Essentially, the neighbor test verifies the locally
equiangular property for convex quadrilaterals from Subsection 2.3.
That is, if M has
CW and CCW neighbors with respect to A, and the quadrilateral formed by M,
A, and these two neighbors is convex, A passes the neighbor test at M, if
the edge MA maximizes the minimum internal angle. Otherwise, A does not
pass the neighbor test at M. However, there
are several cases to consider where the above test can not be made. In
these cases, A passes the neighbor test at M, if adding A results
in a triangulation. The following is a complete set of all feasible cases: 1. If
A has
a neighbor D, such that M, A, and D lie on the same line, A passes the
neighbor test, if A is closer to M than D. This is illustrated in Figure
3.16(a). 2. If M does not
have a CW or a CCW neighbor with respect to A, A passes the neighbor test.
This is illustrated in Figure 3.16(b). Note that this includes the case
where M has neither a CW nor a CCW neighbor with respect to A. 3. If the quadrilateral formed by M, the CW and CCW neighbors, and A degenerates to a triangle (see Figure 3.16(c)) or it is concave (see Figure 3.16(d)), A passes the neighbor test at M.
As described
above, M rejects A only in two cases: (1) There is already a neighbor of
the testing node on the same direction as the tested node, and that
neighbor is closer to the testing node. (2) The locally
equiangular property is violated in the convex quadrilateral found
out. For all other cases, M will accept A. We can argue the correctness of the neighbor test as follows. The neighbor test is a consequence of the locally equiangular property from [SIBSON77], which states that a triangulation where all convex quadrilaterals are locally equiangular is a delaunay triangulation. The neighbor test enforces the property from [SIBSON 77] by enforcing two points: (1) Whenever a convex quadrilateral is formed by M, A, and the CW and CCW neighbors, then the locally equiangular property is enforced; (2) When no convex quadrilateral can be formed by M, A, and the CW and CCW neighbors, i.e., the locally equiangular property is not applicable, then node A passes the neighbor test at M if adding A as a neighbor forms a triangulation. Each node
periodically sends neighbor messages
to nodes in its neighborhood table. A neighbor messages contains the
physical and logical addresses of the sending node, as well as the logical
and physical addresses of its CW and CCW neighbors with respect to the
receiver. When
node M receives a neighbor message which contains the addresses of A, CWM(A),
and CWM(A), it updates its neighborhood table as follows:
Each
node that sends a neighbor message to node M and passes M's neighbor test
is added as a neighbor in M's neighborhood table. If a node in the
neighborhood table fails the neighbor test, it is removed from
neighborhood tables. If node A knows the logical and physical addresses of
some node X that is not a neighbor of A and if X passes the neighbor test
for A, then X becomes a candidate neighbor at A. Node A can learn about
the existence of other nodes through messages that it receives, which are
not neighbor messages, and from the CW or CCW neighbor columns in its
neighborhood table (e.g. E and F in the above table). If a node has
candidate neighbors, it will send them neighbor messages. If a candidate
neighbor responds with a neighbor message, it is elevated to the status of
a neighbor. If two nodes are neighbors of each other, then this represents
a link in the triangulation. A
neighbor can be removed from the neighborhood table for any one of the
following reasons: (1) the
neighbor has sent a message indicating that it has left the overlay, (2)

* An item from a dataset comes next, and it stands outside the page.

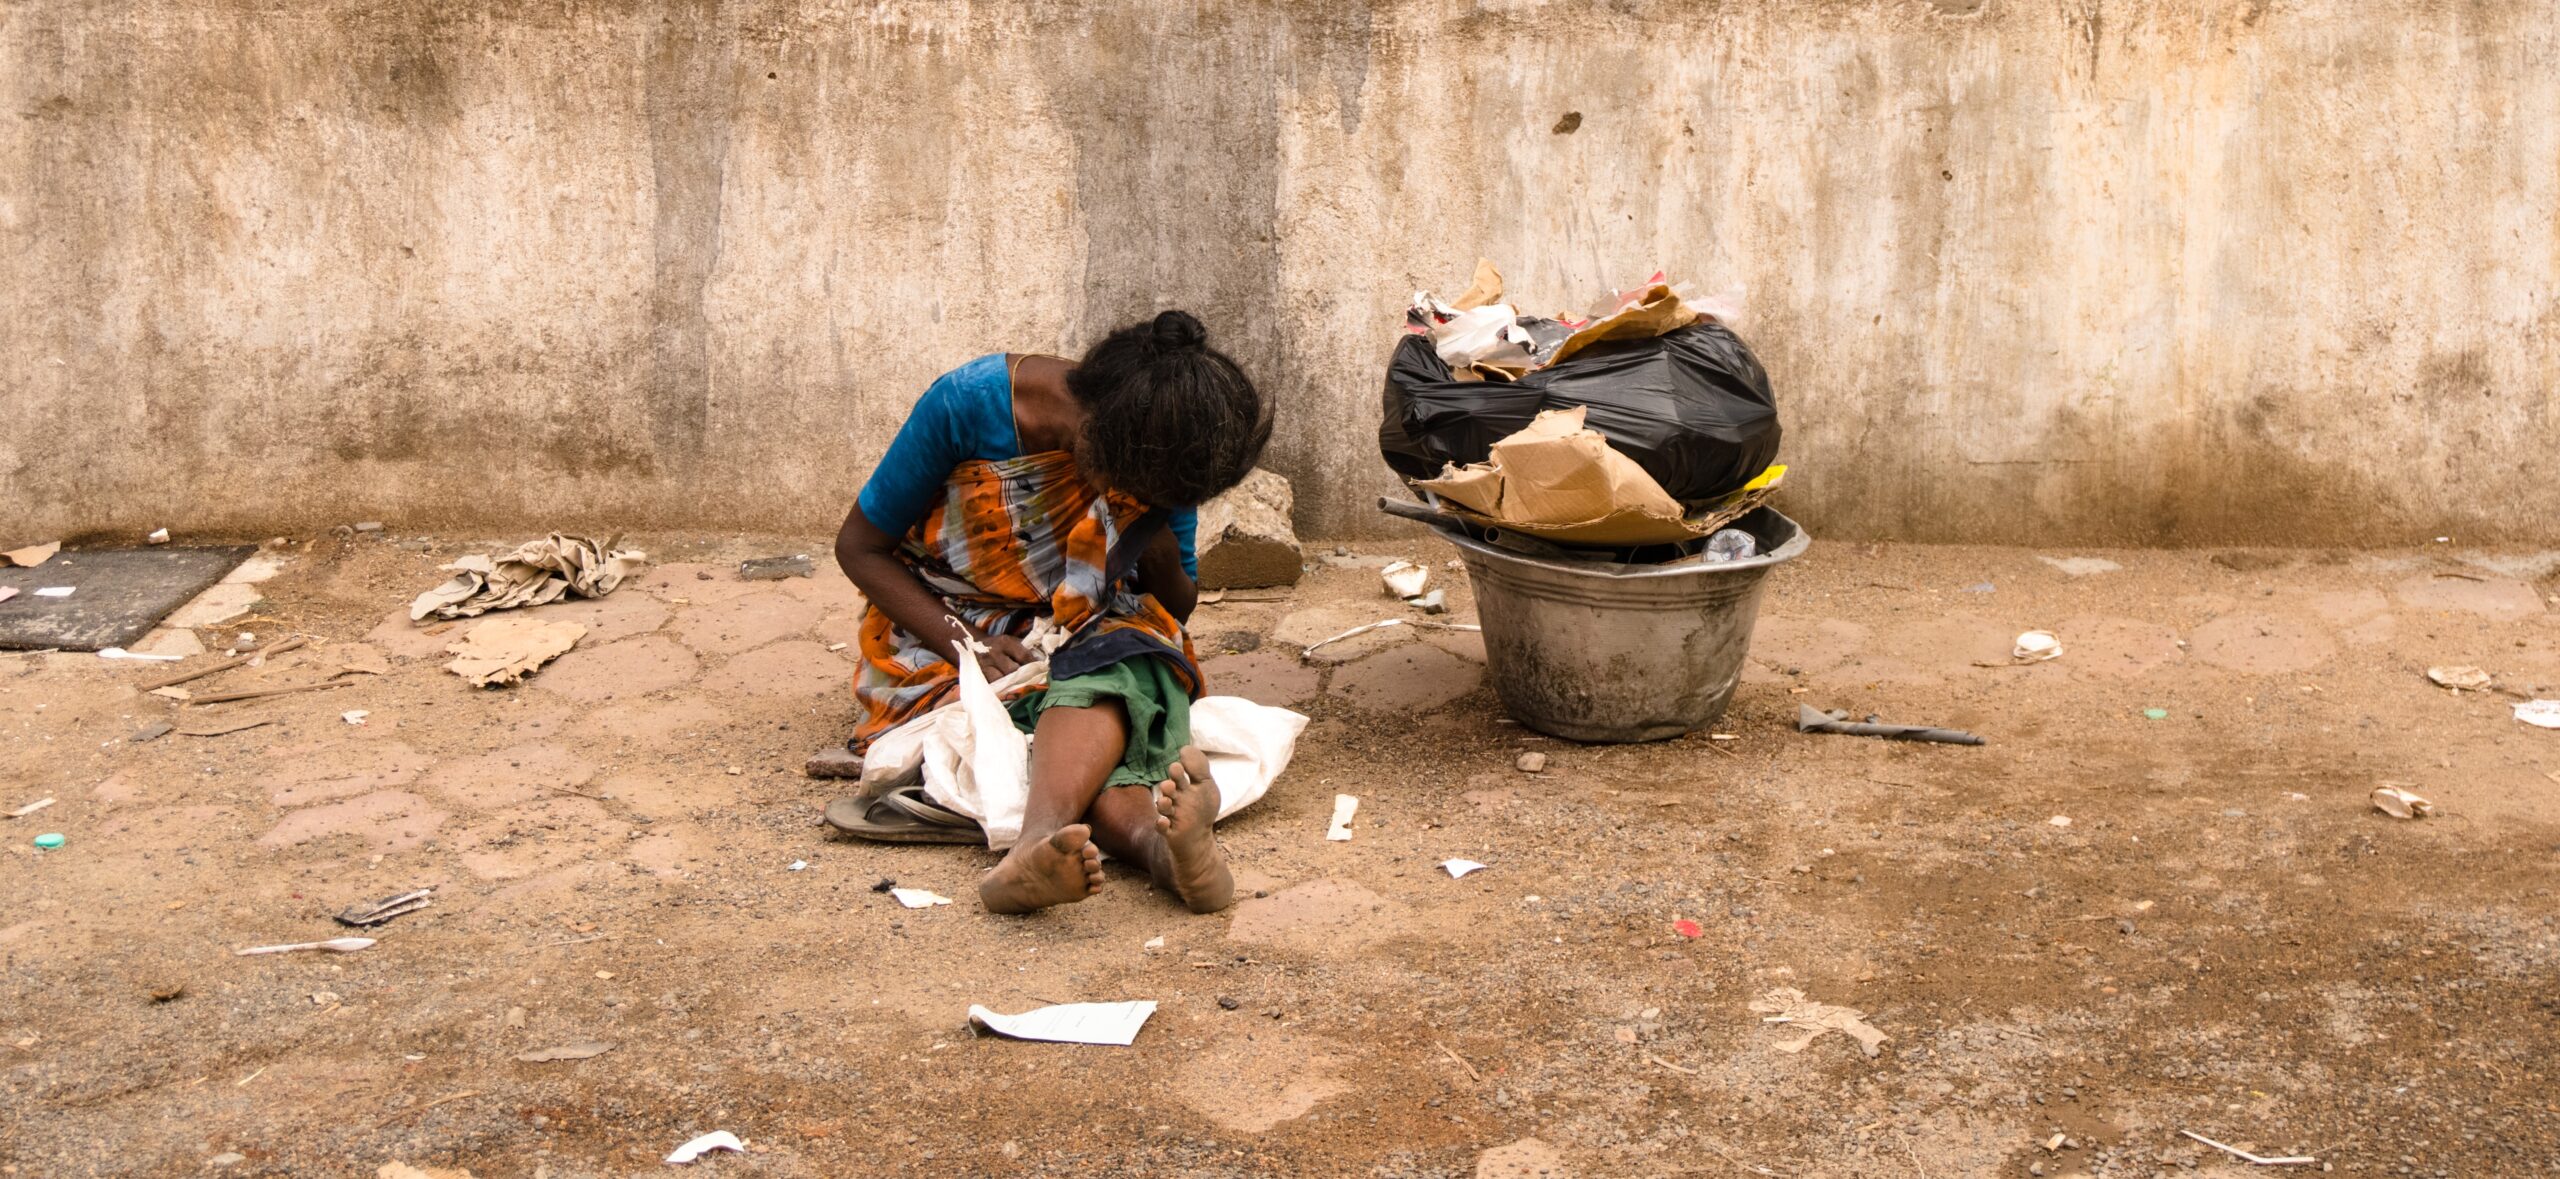 Παγκόσμια Τράπεζα: Ο κορονοϊός φέρνει 60 εκατομμύρια ανθρώπους στο όριο της φτώχειας

no message has been received from this neighbor for an extended period of
time, or (3) the neighbor has failed a neighbor test. 3.3.7 DT Servers and LeadersAny
protocol that builds an overlay network must provide mechanisms that
enable nodes which are not members of the overlay to communicate with
nodes in the overlay. These mechanisms are applied when new nodes join an
overlay and when the overlay network has been partitioned and must be
repaired. In
the DT protocol, a server facilitates the addition of members to the
overlay and the partitioning of overlay networks. A reservation against
using a well-known server is that the server may become a performance
bottleneck. However, in our experiments a single server was sufficient to
manage the workload from 10,000 new members joining the overlay in a short
period of time. Another
potential problem with well-known servers is that they provide likely
points of failure. We
emphasize that variations of the DT protocol which use broadcast
announcements or buddy lists can be derived without changing the main
characteristics of the DT protocol. Also, one can adapt the protocol to
support multiple servers. The
server component of the DT protocol is called the DT server. New nodes
join the overlay network by sending requests to the DT server. The server
responds with the logical and physical addresses of some node that is
already in the overlay network. The new node then sends a message to the
node identified by the DT server. Thus, it has established communication
with some node in the overlay network. The
DT server is also engaged in repairing partitions of the overlay network.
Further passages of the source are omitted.